═══ EXCERPTED RECORDS
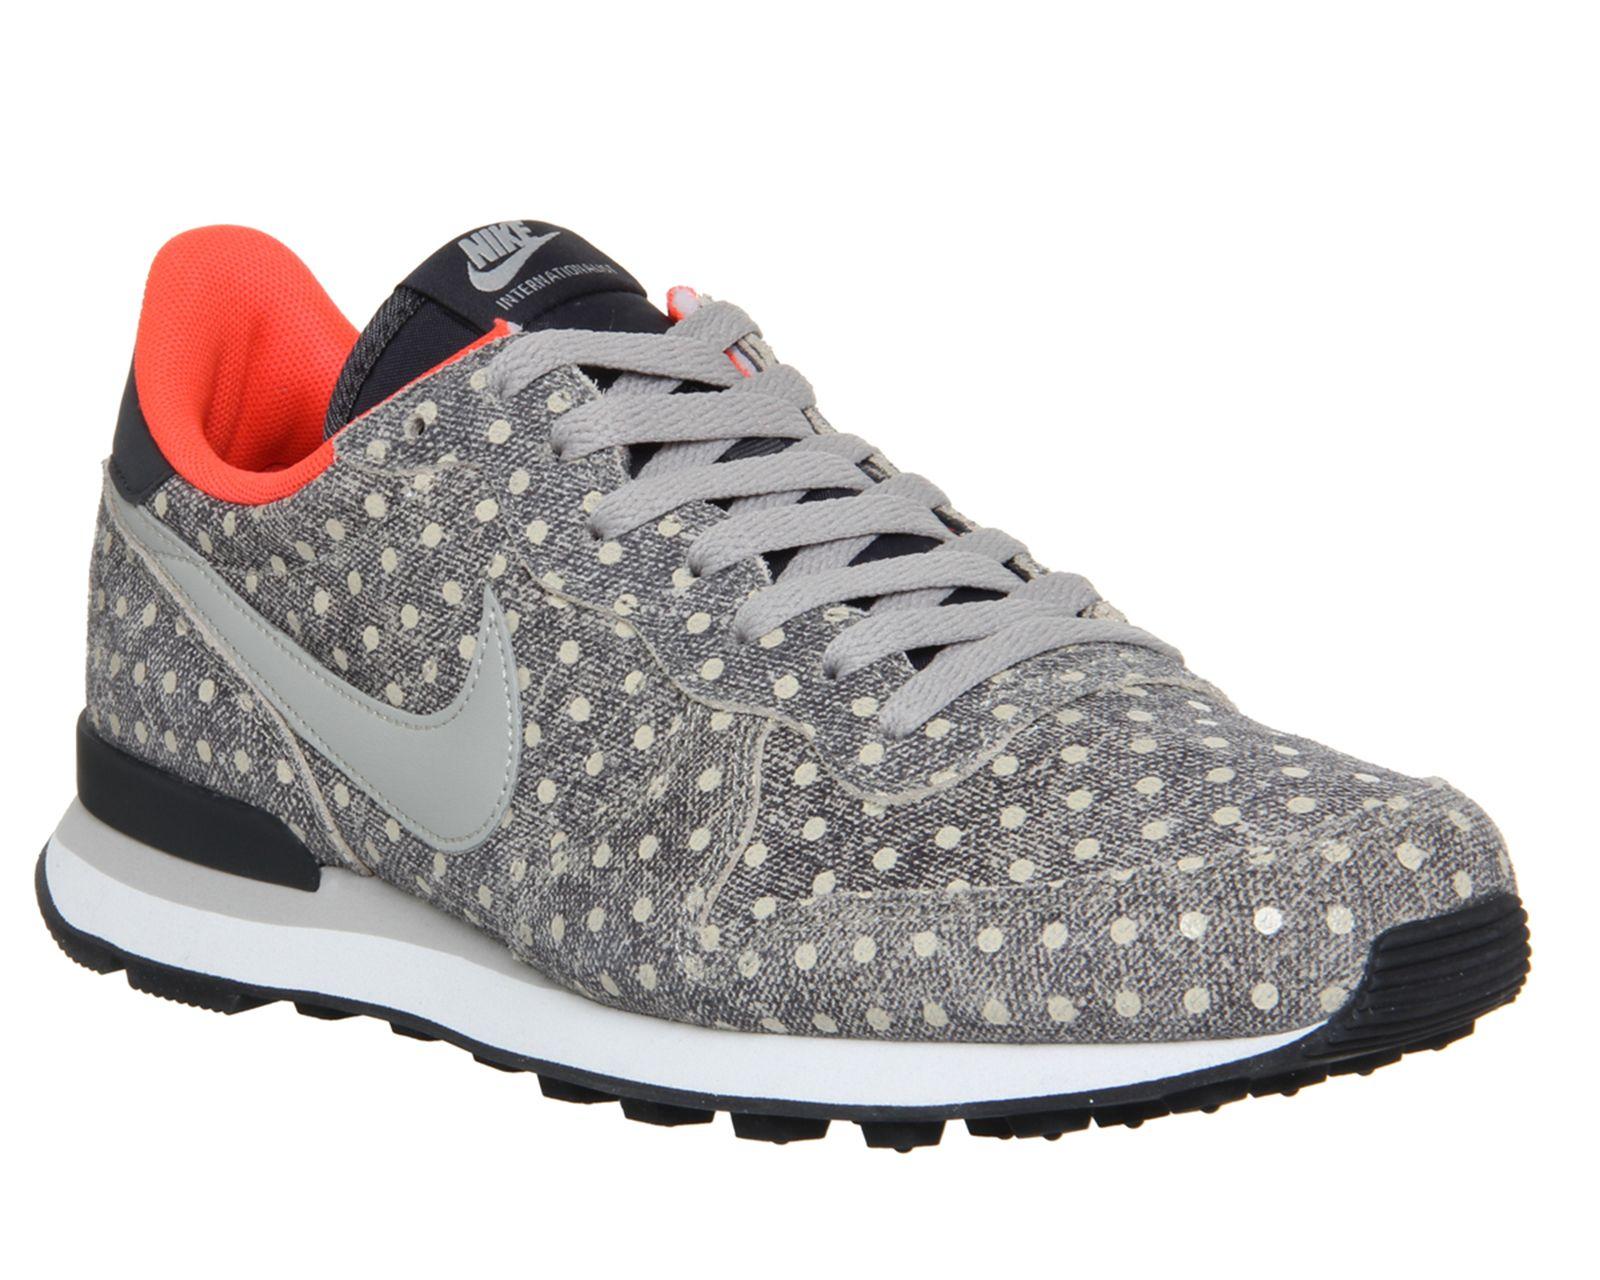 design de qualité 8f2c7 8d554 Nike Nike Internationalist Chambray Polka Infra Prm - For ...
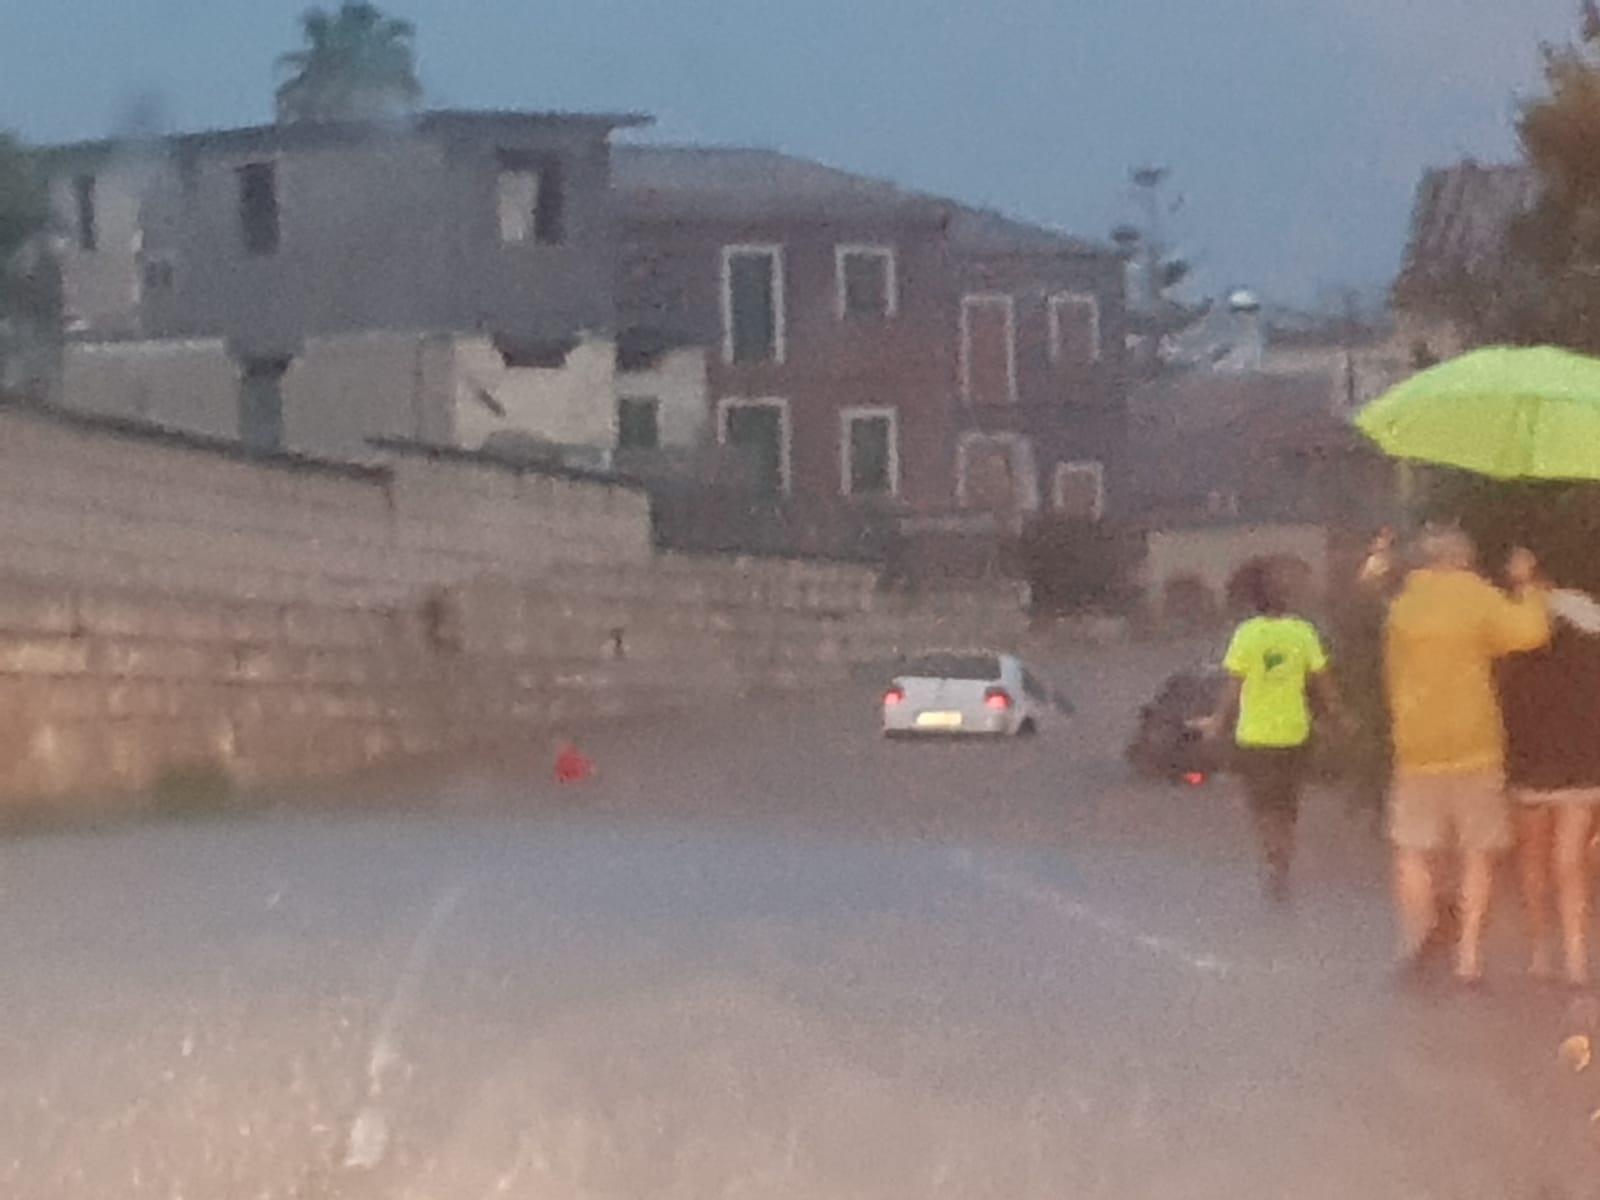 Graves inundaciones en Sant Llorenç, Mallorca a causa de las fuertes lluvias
══════
═══ EXCERPTED RECORDS
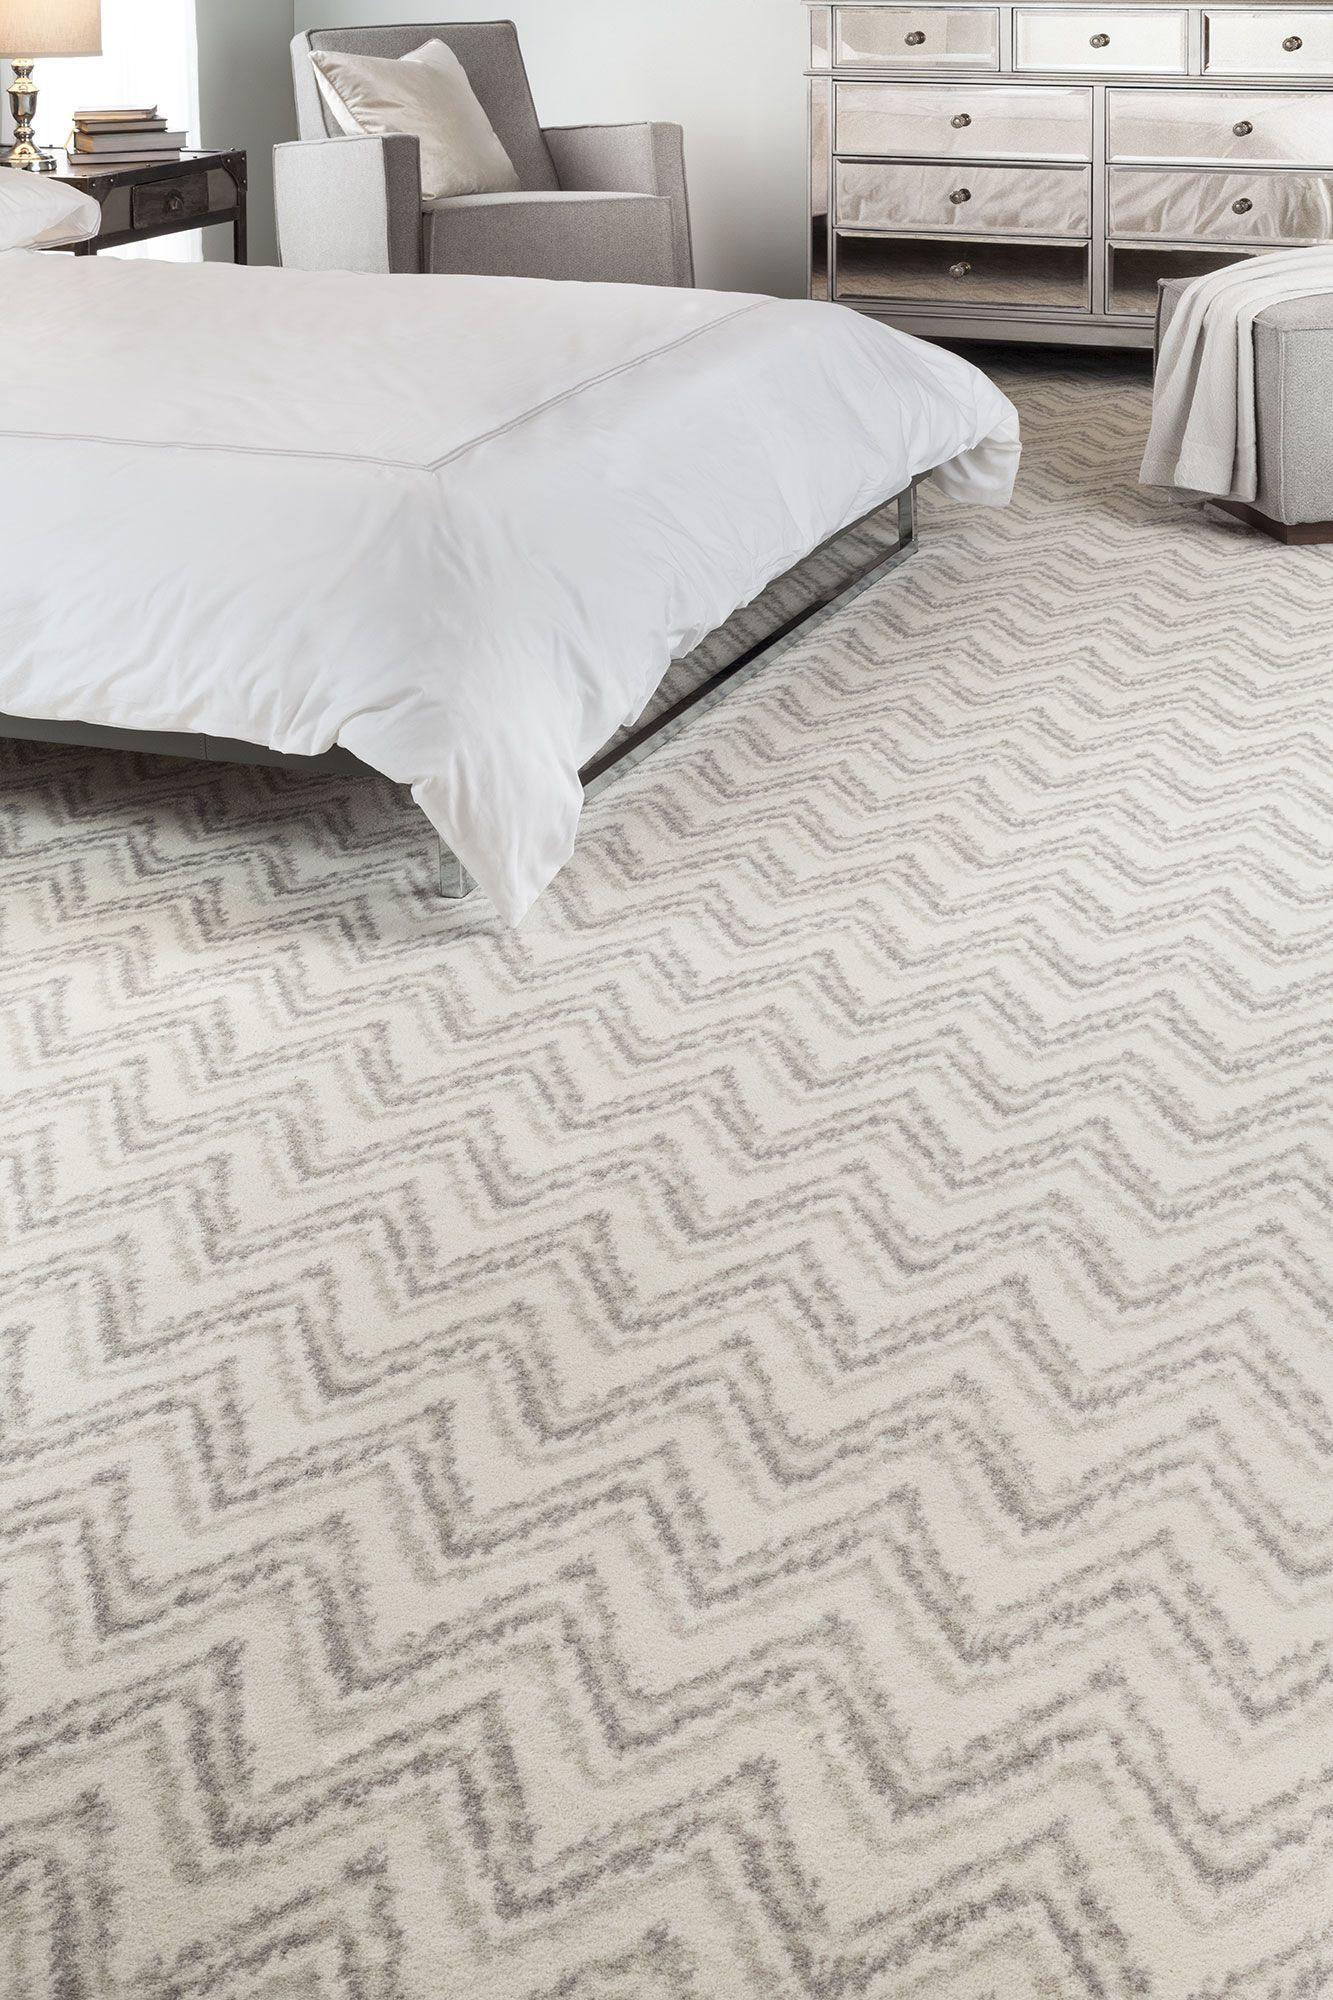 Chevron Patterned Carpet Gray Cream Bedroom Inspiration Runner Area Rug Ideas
══════
- **WORK INSTRUCTION**: Write back the stretch of lines above that begins with the line holding "design de qualité" and ends with the line holding "Graves inundaciones en", both included, exactly as written. Pictures stay out.

- **OUTPUT OF THE TASK**:
 design de qualité 8f2c7 8d554 Nike Nike Internationalist Chambray Polka Infra Prm - For ...
 Graves inundaciones en Sant Llorenç, Mallorca a causa de las fuertes lluvias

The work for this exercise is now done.